DATA BLOCK —
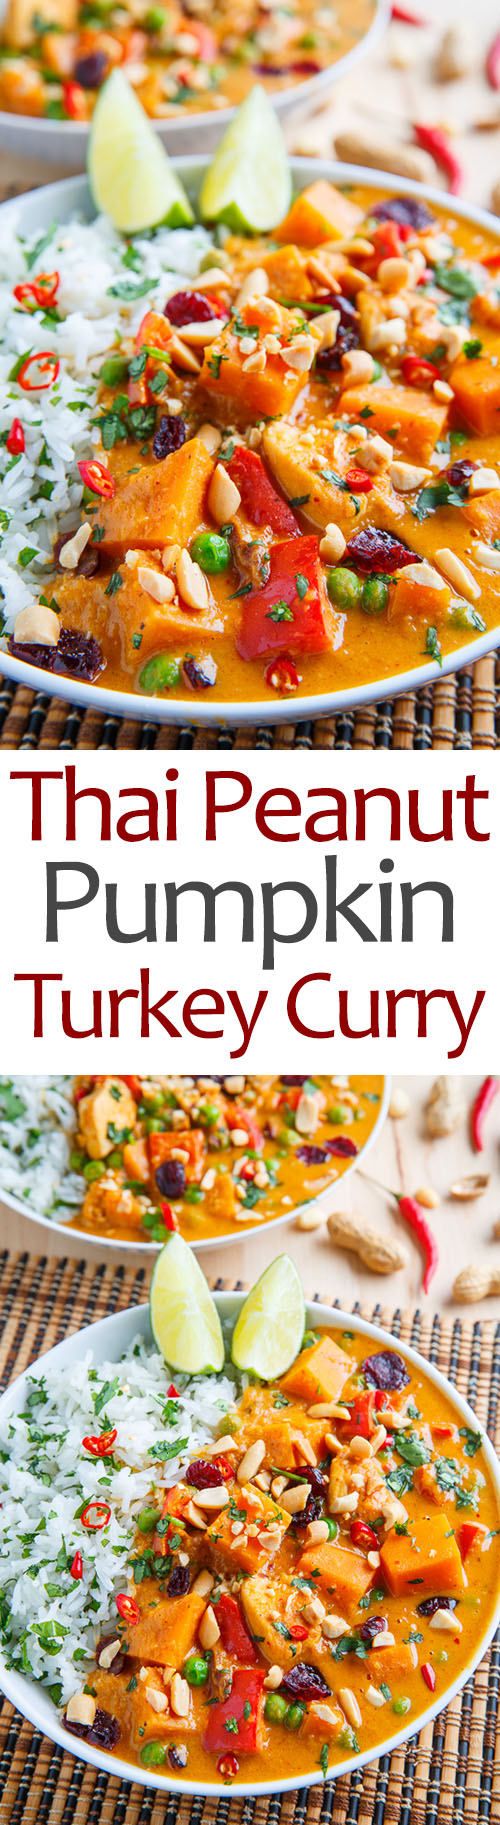 Thai Peanut Pumpkin Turkey Curry
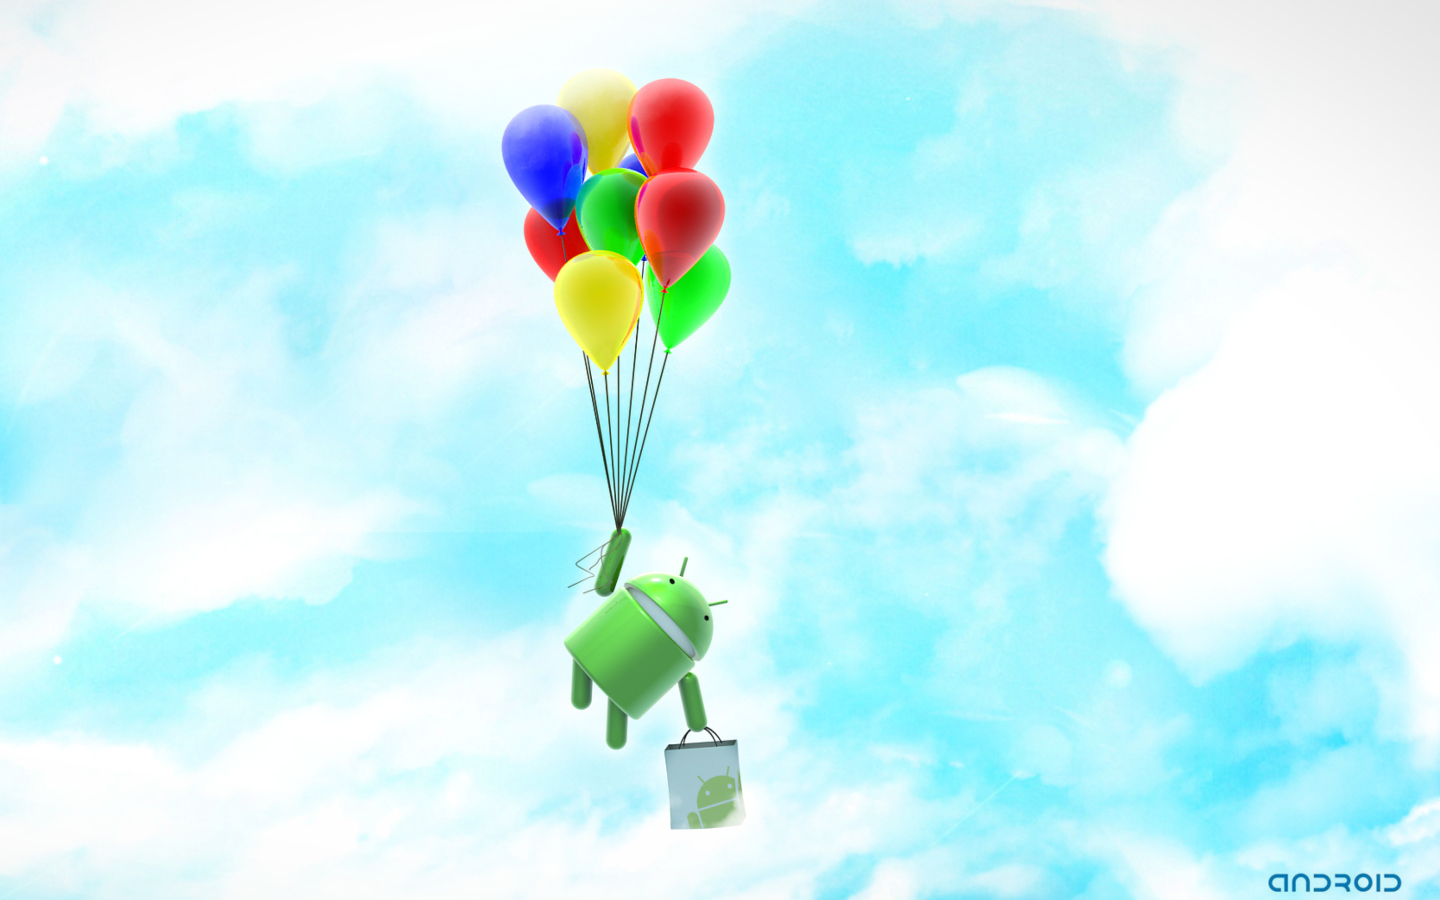 Android Balloon Flight wallpaper 1440x900
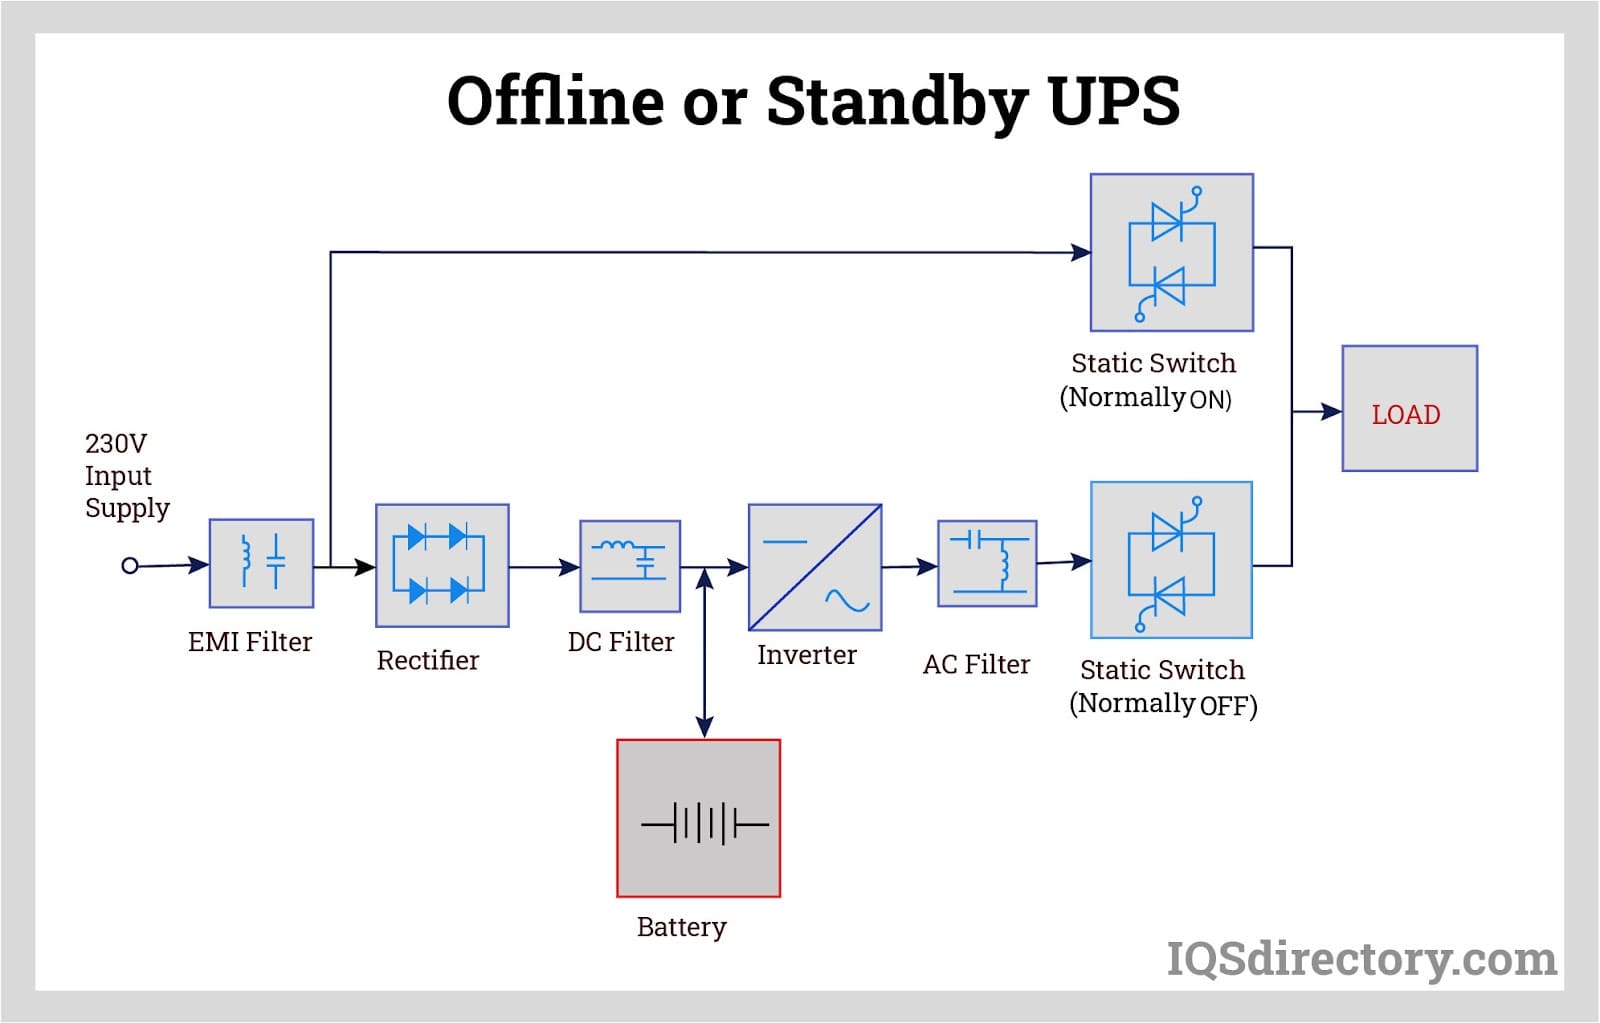 Offline or Standby UPS

THE TASK — I would like the lines from the one with "Android Balloon Flight wallpaper 1440x900" through the last line of the data above retyped exactly, with pictures left out, please.

TASK OUTPUT —
 Android Balloon Flight wallpaper 1440x900
 Offline or Standby UPS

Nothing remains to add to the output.